Even with president Obama, it wouldn’t be a surprise to find out that there were more recent slave owners and traders among his Kenyan ancestry that among his European. Most of American society these days, outside of black liberation theology church’s like Obamas are colorblind. The reason “social justice” has to be qualified, is because it isn’t justice.
I’ve always found this interesting….
….not many people are aware that American Indians also owned slaves
American Indians as Slave Owners
By 1860, the Cherokees had 4,600 slaves; the Choctaws, 2,344; the Creeks, 1,532; the Chickasaws, 975; and the Seminoles, 500. Some Indian slave owners were as harsh and cruel as any white slave master. Indians were often hired to catch runaway slaves; in fact, slave-catching was a lucrative way of life for some Indians, especially the Chickasaws.
http://www.freerepublic.com/focus/news/655380/posts
Willis, I agree with you. Great article.
One point that is not generally recognized. Among the tribes in North America, there are some that are just as much immigrants as the Europeans. The Athabaskan speaking Navajos and Apaches just beat the Spanish into the American Southwest by a couple of hundred years, yet are treated the same as if they have always been there. People move around. Get over it.
Joshua says:
August 9, 2011 at 9:12 am
OK, I agree with you, Joshua. It’s not deceptive at all to use “facts” that you know may not be facts at all, without making even the slightest attempt to check them. Clearly, in your world that is ethical action of the highest order. My bad.
Come back when you quote my words about Oprah, so people can be reminded of how you haven’t understood what I actually said.
Seems like you missed my point. I have absolutely no problem with tax dollars going to Native Americans. I do not, however, think that we should change the treaties and the laws surrounding them so that they can get more tax dollars. And I particularly don’t think that we should do so based on imaginary problems.
I say that changing the treaties and the laws surrounding them so that Native Americans can belly up to the government trough like the rest of us citizens only makes sense if they are to be treated in all respects like the rest of us citizens. I say that the Native Americans are playing with fire when they want to change the treaties and the laws … because if the treaties and the laws can be changed to favor the Native Americans, then they can also be changed to their grave detriment. I would very much like not to open that door, as the treaties are fragile enough as it is.
Sure, that makes sense. Go out and vet those. You vet your issues, I’ll vet mine, and we might get something done. Oh, you think I should vet your issues? Funny, I don’t think you should vet my issues, I think you should vet whatever issues you want to vet. Crazy, I know, but there it is.

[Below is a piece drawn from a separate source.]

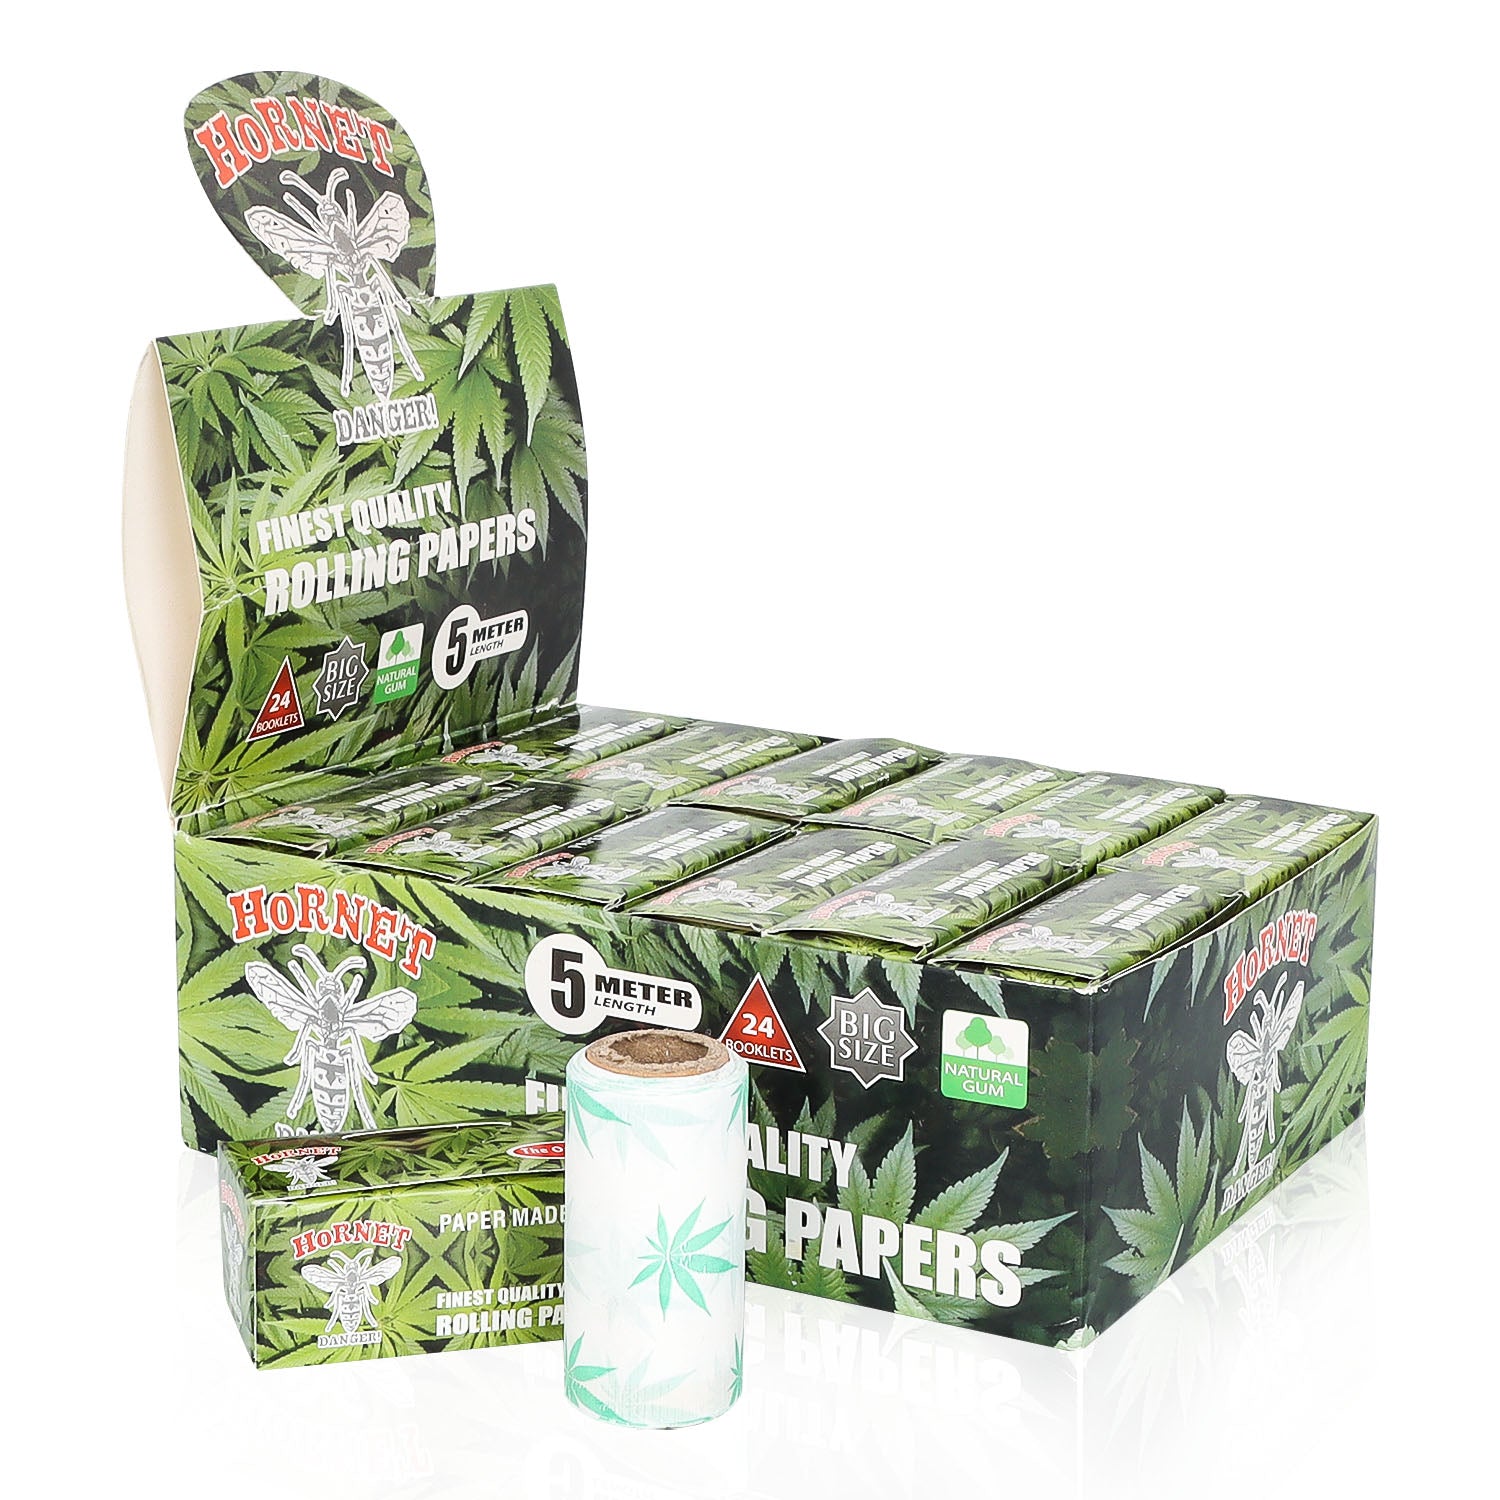 HORNET Leaf Style Rolling Paper Rolls, 5 m Free Rolling Papers, Organic Rolling Paper Rolls, 24 PCS / Box

You’re the one bringing up “welfare queens”, you’re the first one in this thread to use the term. You totally misunderstood my point about Oprah, and that would be clear if you QUOTED MY WORDS. Of course, if you quoted my words then people would see you are blowing smoke in their eyes, so I can understand why, despite numerous requests, you’d rather deal with your own fantasies than with what I actually said.
I see your point. You think that cleaning up big messes is really important, and cleaning up smaller messes is totally unimportant.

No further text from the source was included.